Именно тогда Мисимой овладевает новая идея: «Создать прекрасное произведение искусства и стать прекрасным самому — одно и то же». Один из тогдашних друзей писателя описывал его так: «Он был бледен как смерть — настолько, что кожа отливала лиловым. Казалось, тщедушное тело болтается в непомерно широкой одежде. И все же с первого взгляда было видно: этот человек из породы нарциссов. Он умел видеть красоту. Ключ к пониманию Мисимы той поры, когда он еще не увлекся культуризмом и всем таким прочим, был во взгляде, которым Мисима смотрел на самого себя: этот взгляд понимал и ценил прекрасное, а перед ним постоянно представало нечто безобразное…»

Мисима решает «создать из себя полную свою противопоножность» — как физически, так и духовно. И надо сказать, что первое ему удается. За выполнение этой задачи он берется с присущей ему неистовой целеустремленностью. Начав с занятий плаванием, Мисима затем переходит к культуризму, кэндо, карате. Каждый день щуплый, нескладный и уже не очень юный литератор обливался потом в спортзале. Год шел за годом, и чудо свершилось: мускулы налились силой, движения стали уверенными и ловкими. Успехи Мисимы в спорте были поразительны, и он очень ими гордился. Когда в 1963 году в энциклопедии статью о культуризме снабдили фотографией писателя, он сказал, что это «счастливейший момент его жизни». Близкий знакомый Мисимы, известный американский японовед Дональд Кин писал: «Наиболее совершенным произведением искусства Мисимы стал он сам».
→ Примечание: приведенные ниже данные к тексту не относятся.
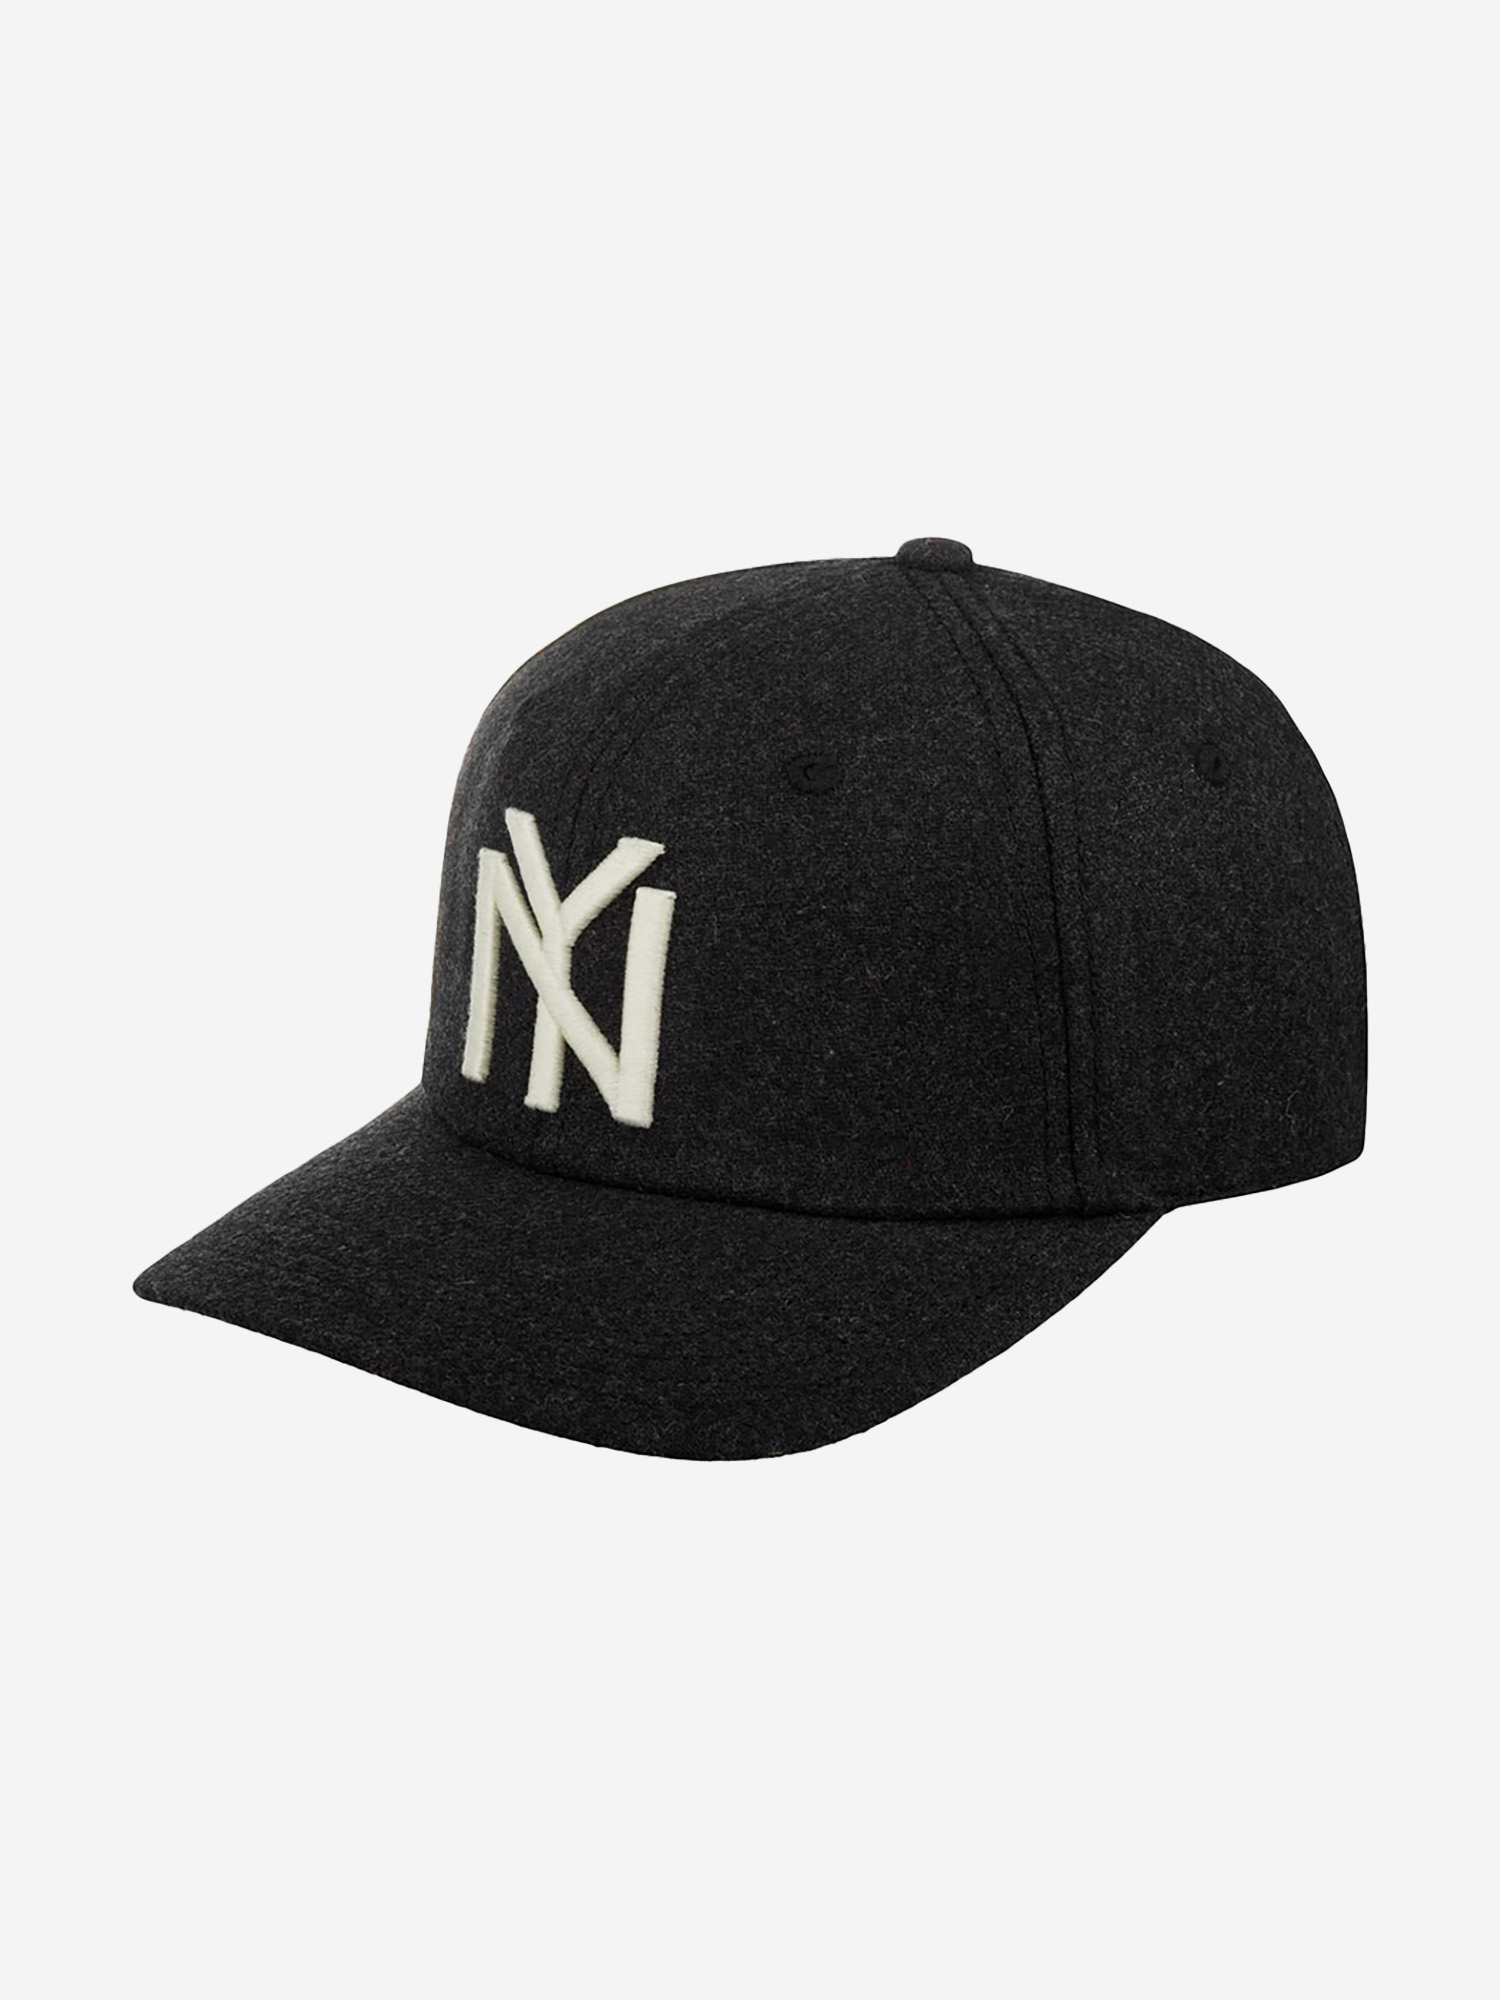 Бейсболка AMERICAN NEEDLE 21005A-NBY New York Black Yankees Archive Legend NL (черный), Черный

Но и эти, пожалуй, самые светлые в биографии писателя годы были не более чем увлечением очередной «ролью» — хотя сыграл ее Мисима, как и все прочие свои «роли», блистательно, а занятий спортом не оставлял до того самого дня, когда уничтожил «наиболее совершенное» произведение своего искусства собственными руками.

Что же касается светлого и безмятежного «Шума волн», то годы спустя Мисима признался: роман писался не всерьез, автор хотел разыграть читателей (что, кстати, и удалось — «Шум волн» пользовался колоссальным успехом и был экранизирован уже через несколько месяцев после выхода в свет).

В те самые дни, когда Мисима так страстно пытается «создать из себя полную свою противоположность», он показывает друзьям псевдоним «Мисима», написанный другими иероглифами. Получилось «Зачарованный — Смертью — Дьявол».

III

Да знаете ли, знаете ли вы, что без англичанина еще можно прожить человечеству, без Германии можно, без русского человека слишком возможно, без науки можно, без хлеба можно, без одной только красоты невозможно, ибо совсем нечего будет делать на свете!

Ф.М. Достоевский. «Бесы»
Роман «Золотой Храм», написанный в 1956 г., можно назвать эстетическим манифестом Мисимы. «Золотой Храм» считается не только шедевром творчества писателя, но и самым читаемым в мире произведением японской литературы.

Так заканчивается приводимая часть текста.